Icodec may be particularly appropriate for those with frailty who have high perceived pill burden or do not tolerate non-insulin glucose-lowering medications, those who are recommended relaxed glycemic targets that are not being achieved with their current non-insulin antihyperglycemic regimen, those who have difficulty remembering daily injections, people in nursing homes, or those who are dependent on caregivers/family members for insulin administration [expert opinion].

Pediatric Populations

Preliminary data from a phase 1 trial (NCT05790681) of icodec use in an insulin-experienced pediatric population (< 18 years) with T2D demonstrated that icodec was well tolerated, with a pharmacokinetic profile that was similar to that in adults with T2D [30]. Further trial data are expected to become available in the future.

Hepatic Impairment

Hepatic impairment can affect insulin clearance and glucose regulation, potentially necessitating adjustments in insulin dosing to avoid hypoglycemia or suboptimal glycemic control [31, 32]. A phase I trial (NCT04597697) found no clinically relevant differences in icodec pharmacokinetics after a single 1.5 U/kg dose in adults with normal or impaired hepatic function [33]. Owing to the relatively few numbers of individuals with hepatic impairment included in the ONWARDS trials, there are no additional efficacy and safety data for icodec in these individuals. Based on the available data, no specific icodec dose adjustments are required in individuals with hepatic impairment. However, the increased icodec exposure due to reduced clearance in individuals with mild and moderate hepatic impairment suggests more frequent glycemic monitoring may be needed, as recommended for daily insulin preparations [18, 33].

Renal Impairment

Reduced kidney function can decrease insulin elimination, thereby prolonging insulin activity and potentially increasing the risk of hypoglycemia [34].

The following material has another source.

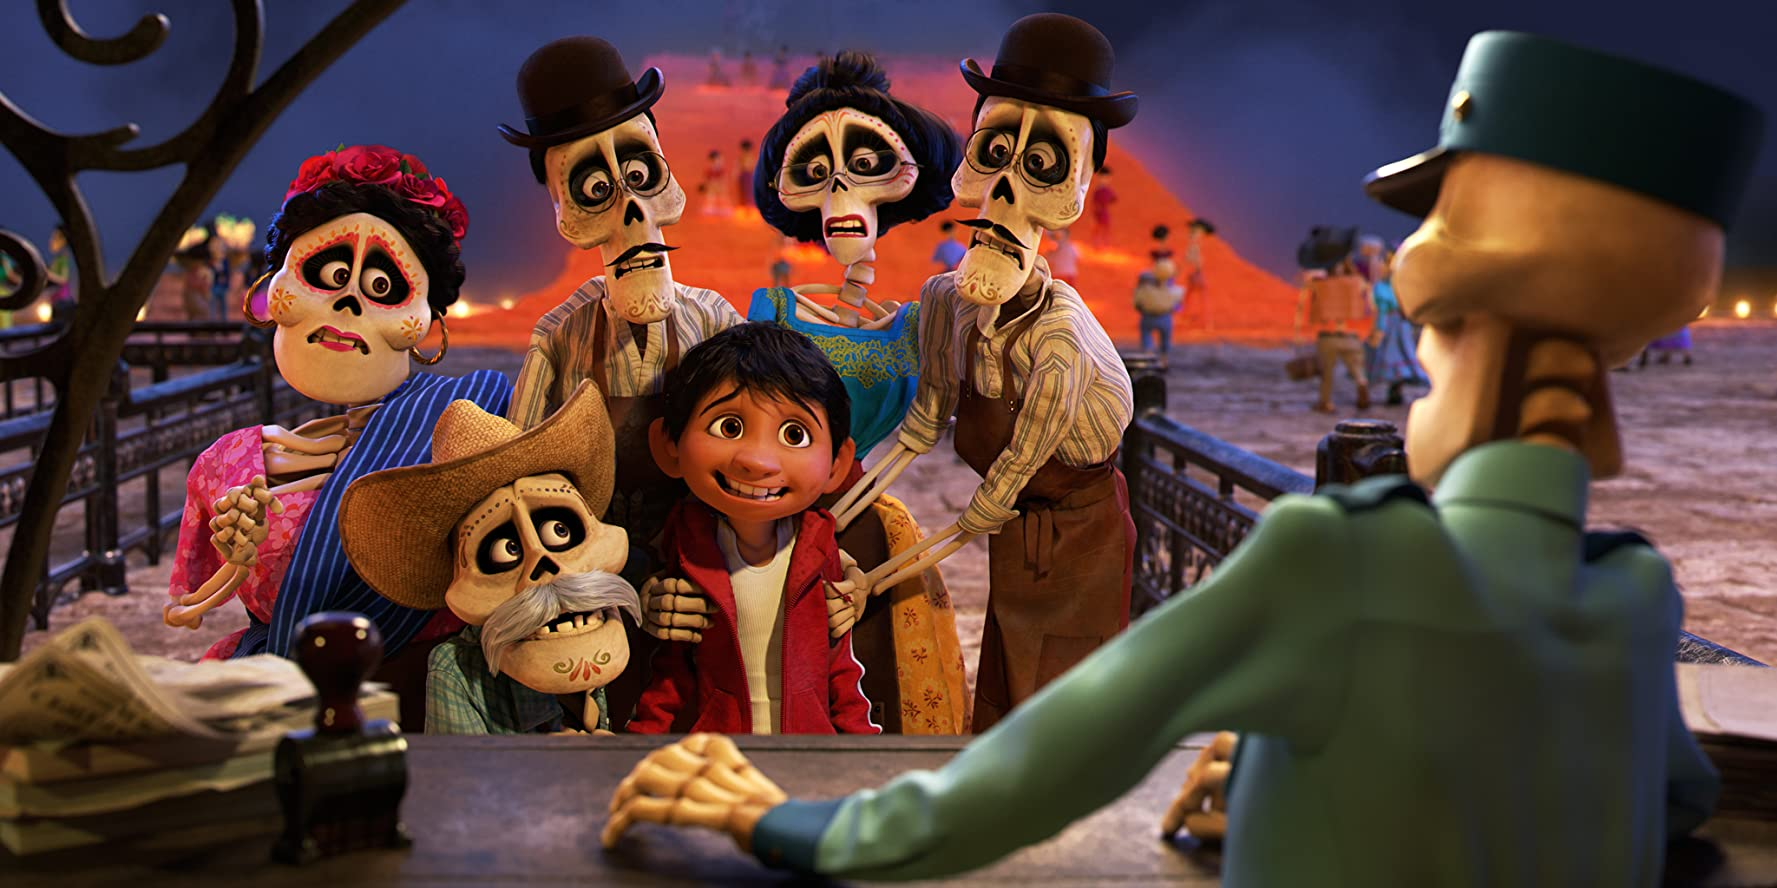 Alfonso Arau, Selene Luna, Dyana Ortelli, Herbert Siguenza, and Anthony Gonzalez in Coco (2017)
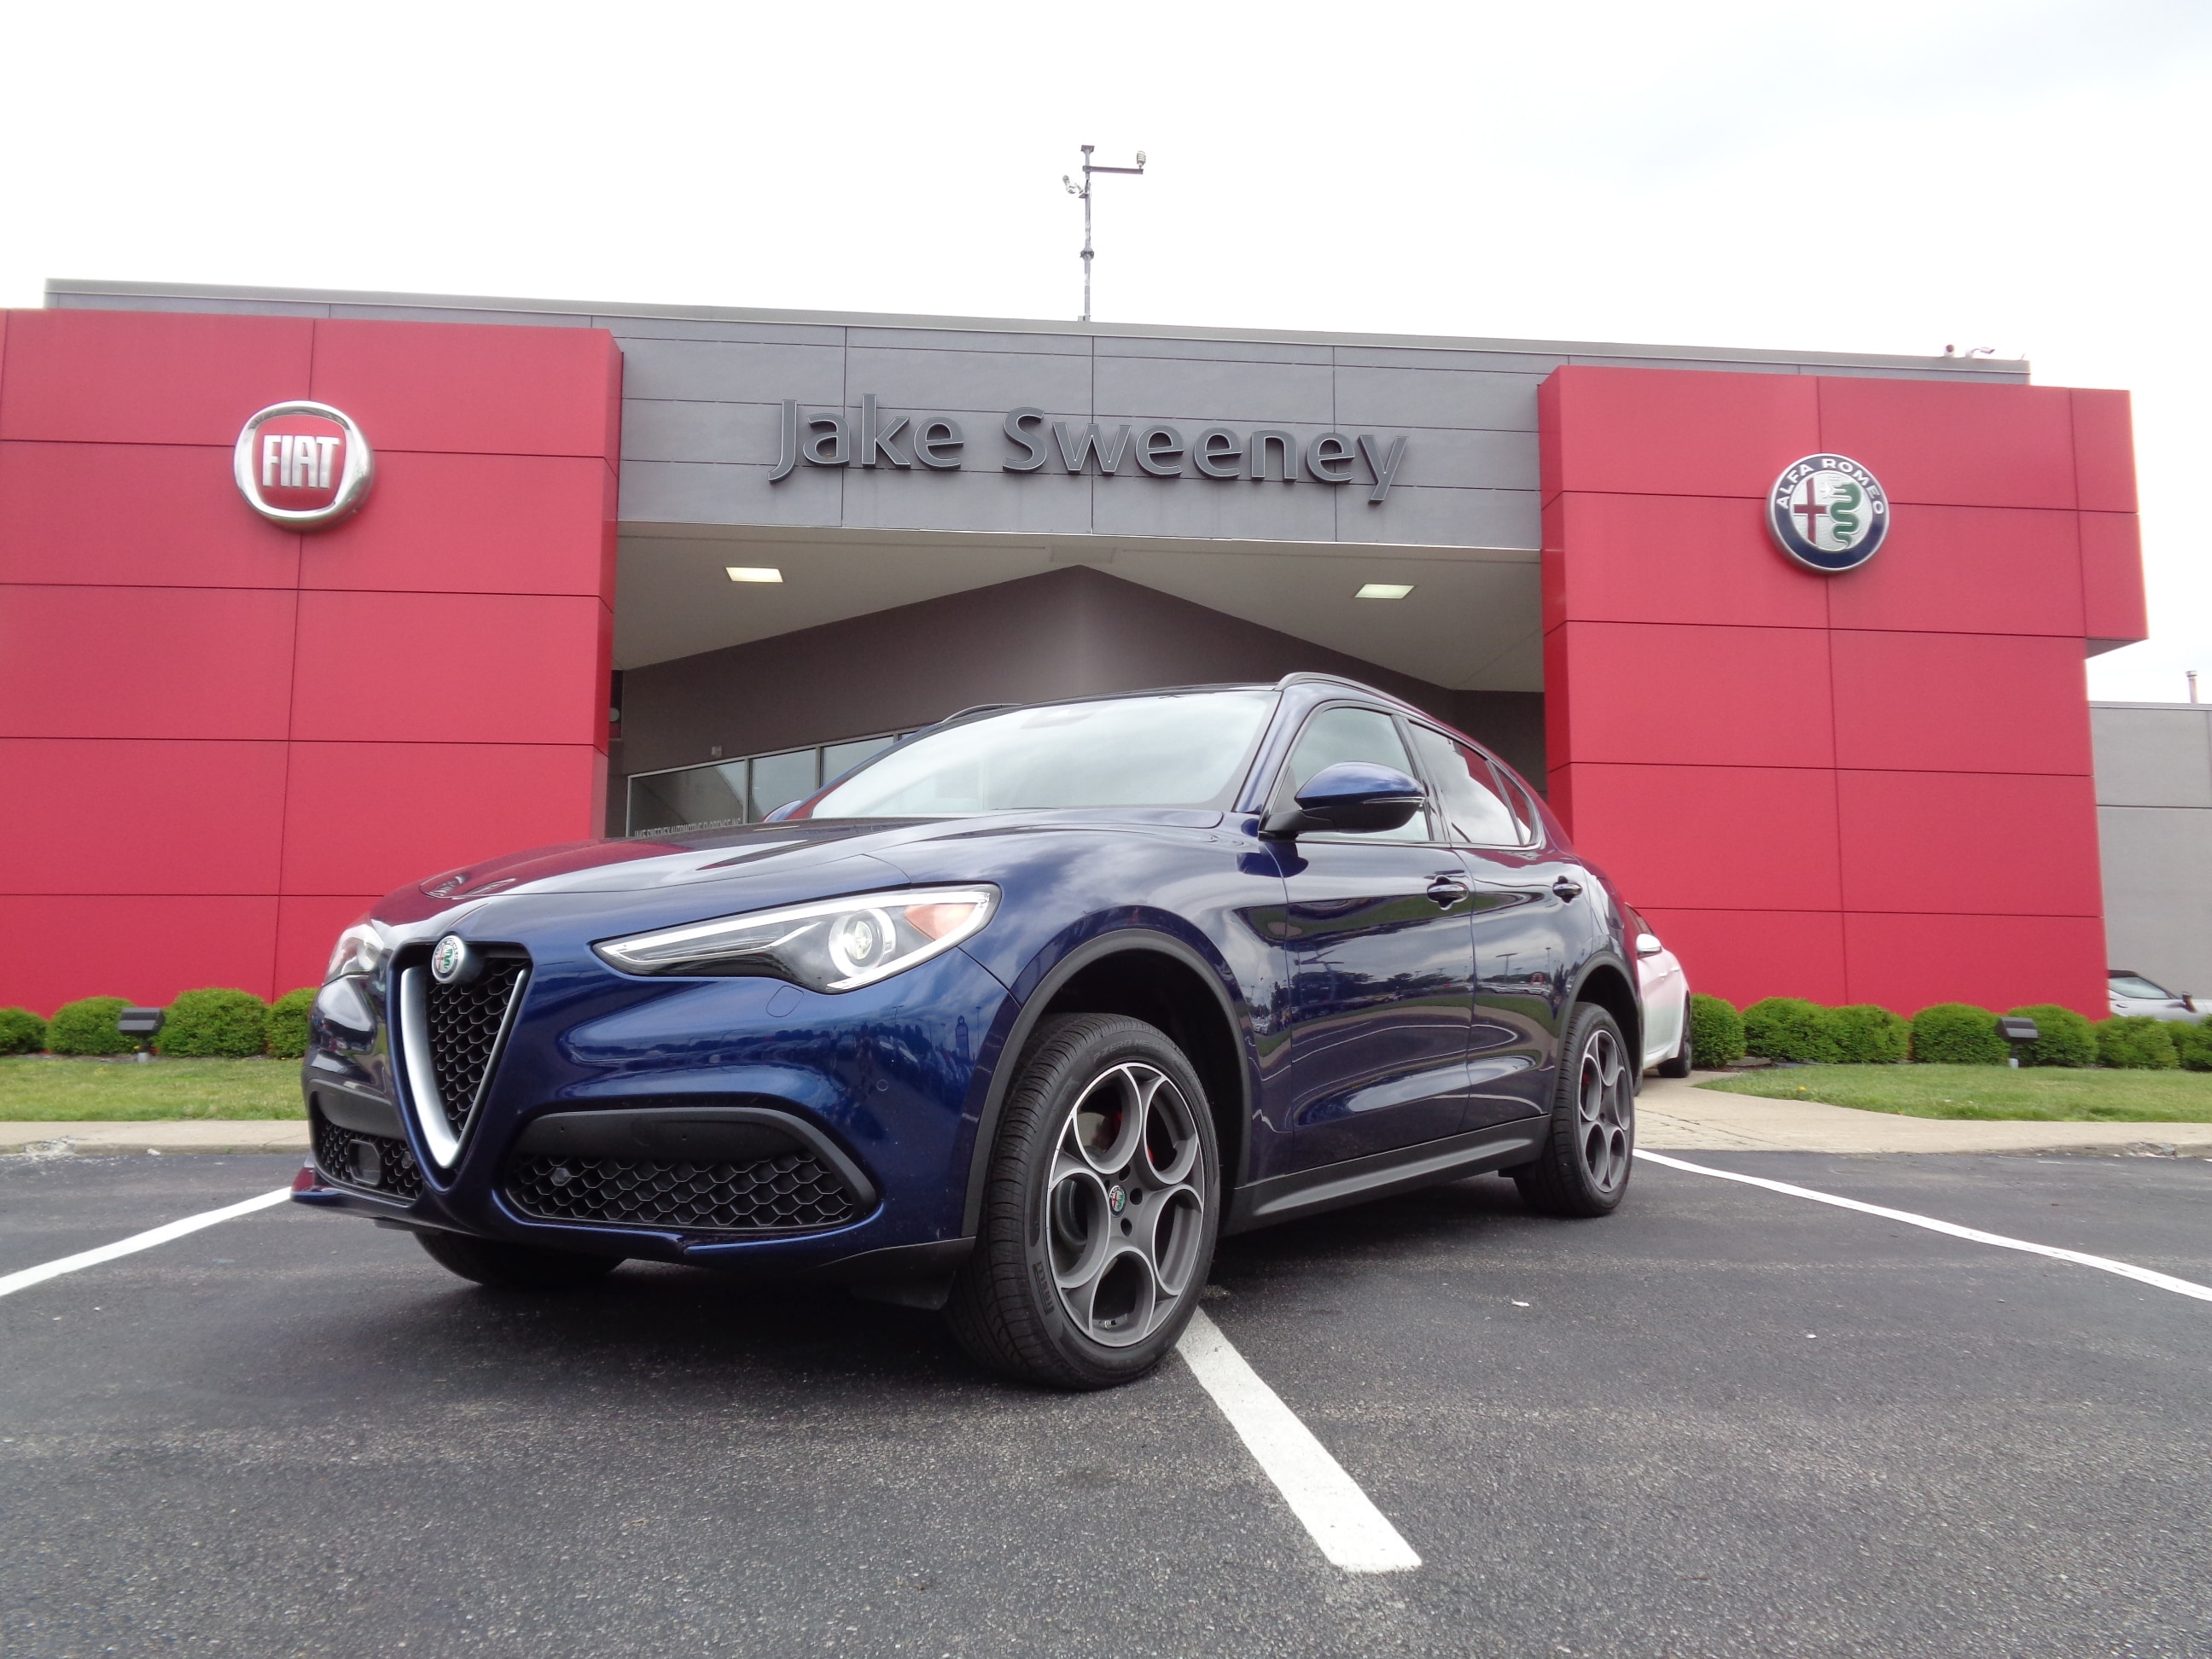 Jake Sweeney Alfa Romeo | Florence, KY Alfa Romeo Dealership

In a phase I trial (NCT03723785), icodec exposure was slightly higher in adults with renal impairment or end-stage renal disease (ESRD) than in those with normal renal function after a single subcutaneous icodec dose (1.5 U/kg) [33]. Furthermore, a post hoc analysis of ONWARDS 1–5 examined efficacy and hypoglycemia outcomes by renal function category (excluding ESRD and severe renal impairment (in ONWARDS 1–4)], per trial eligibility criteria). Outcomes with icodec versus OD comparators were generally consistent regardless of kidney function, with no statistically significant treatment interactions by kidney function subgroup for HbA_1c change, and no consistent trend by kidney function subgroup for overall rates of combined clinically significant or severe hypoglycemia or weekly basal insulin dose during the last 2 weeks of treatment [35].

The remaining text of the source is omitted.